# What do you guys do with your TIG torch when you need to set it down?



## W6PUG (Feb 15, 2014)

I know that sounds like a dumb question (maybe it is) but I was working in the shop last night and I needed to put the torch down for a minute while I adjusted the clamped piece, and the weight of the cable dragged it off and it hit the floor - and a piece broke off the ceramic gas lense :angry: ... it was too hot to lay across my lap ... and of course it was the only cup I had (got 4 more this morning just as punishment to myself) so that shut me down for last night, and I was having too much fun ....  do you guys have some kind of special hook or holder or something you clamped to your table or something?
Thanks!

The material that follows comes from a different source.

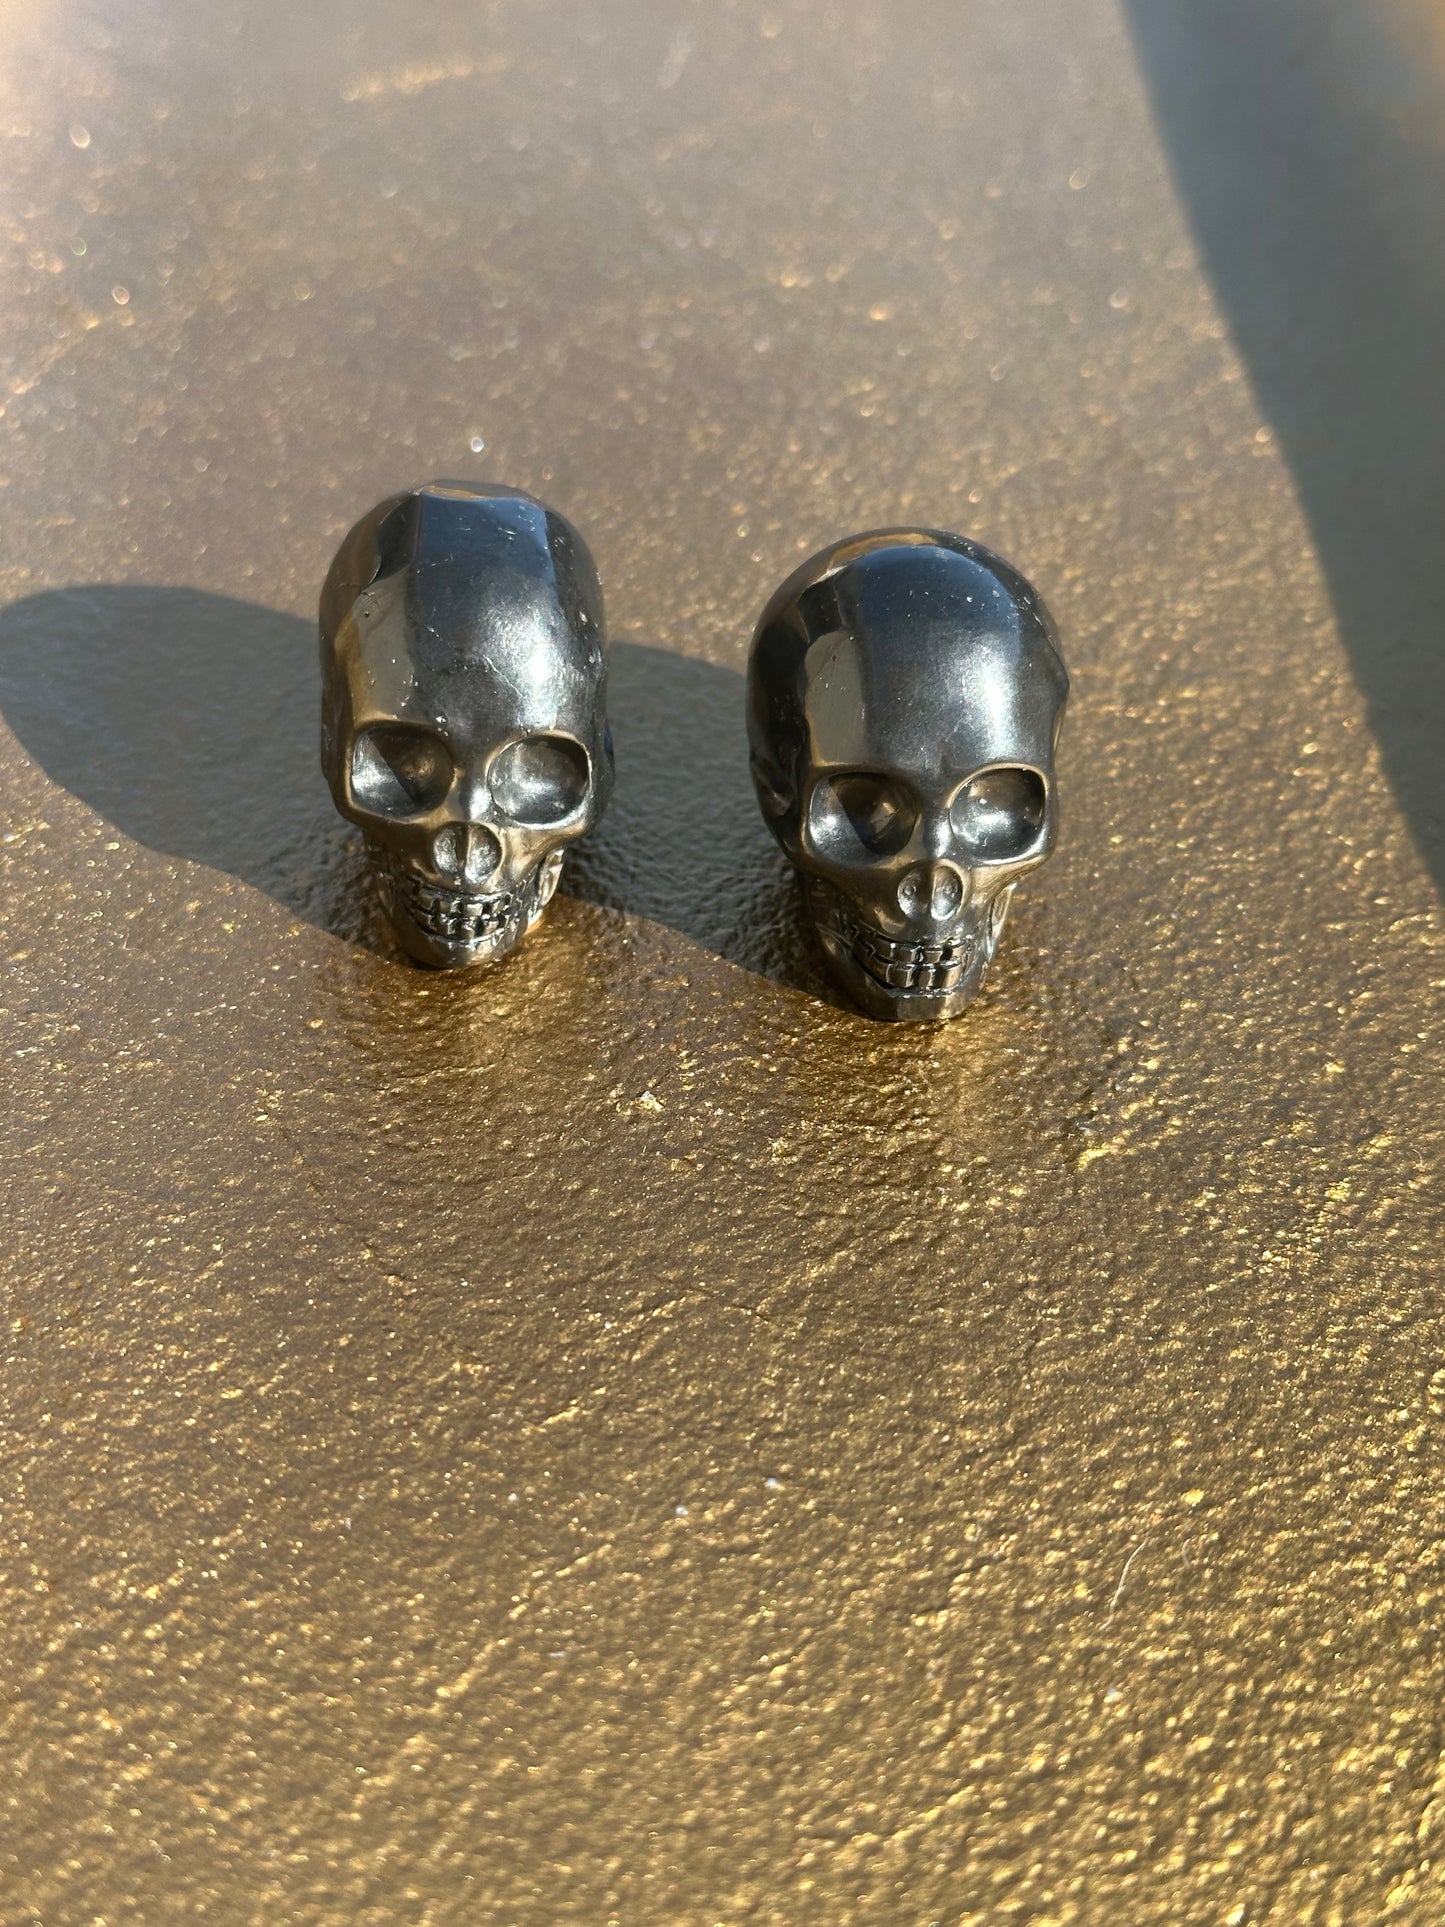 Mini Shungite Skulls (EMF Protection)

Doug with Pugs


----------



## TOOLMASTER (Feb 15, 2014)

over my knee usually.if not i hang it on the saw next to me


----------



## Ray C (Feb 15, 2014)

I've got hooks hanging underneath the table from where I usually honker-in to do TIG work.

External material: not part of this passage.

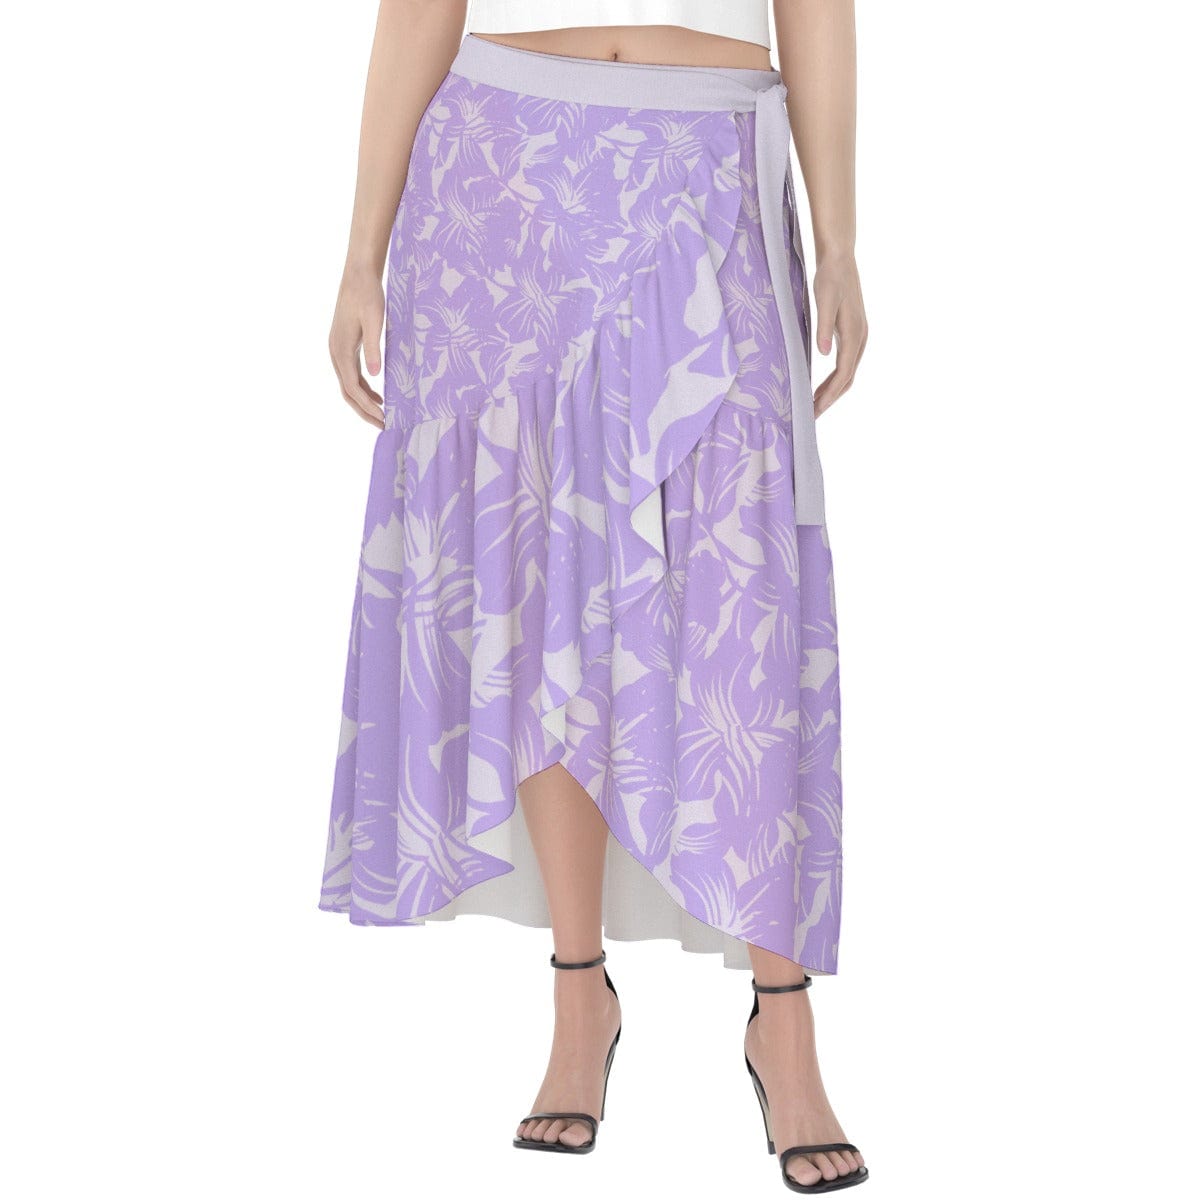 Yoycol Skirt Hawaiian Lavender - Women's Wrap Skirt

-LOL:  DO NOT drape it over your lap and let it dangle down by your ankles unless you like burning holes thorough your pants and right into your skin.

Ray


----------



## TOOLMASTER (Feb 15, 2014)

Ray C said:


> I've got hooks hanging underneath the table from where I usually honker-in to do TIG work.
> 
> 
> -LOL:  DO NOT drape it over your lap and let it dangle down by your ankles unless you like burning holes thorough your pants and right into your skin.
> ...


 well don't drape it tip in...


----------



## Ray C (Feb 15, 2014)

TOOLMASTER said:


> well don't drape it tip in...



The hoses and wires have such a natural curl, it's the only way I could possibly drape the torch.  -Thus, the hooks under my table and overhead shelf.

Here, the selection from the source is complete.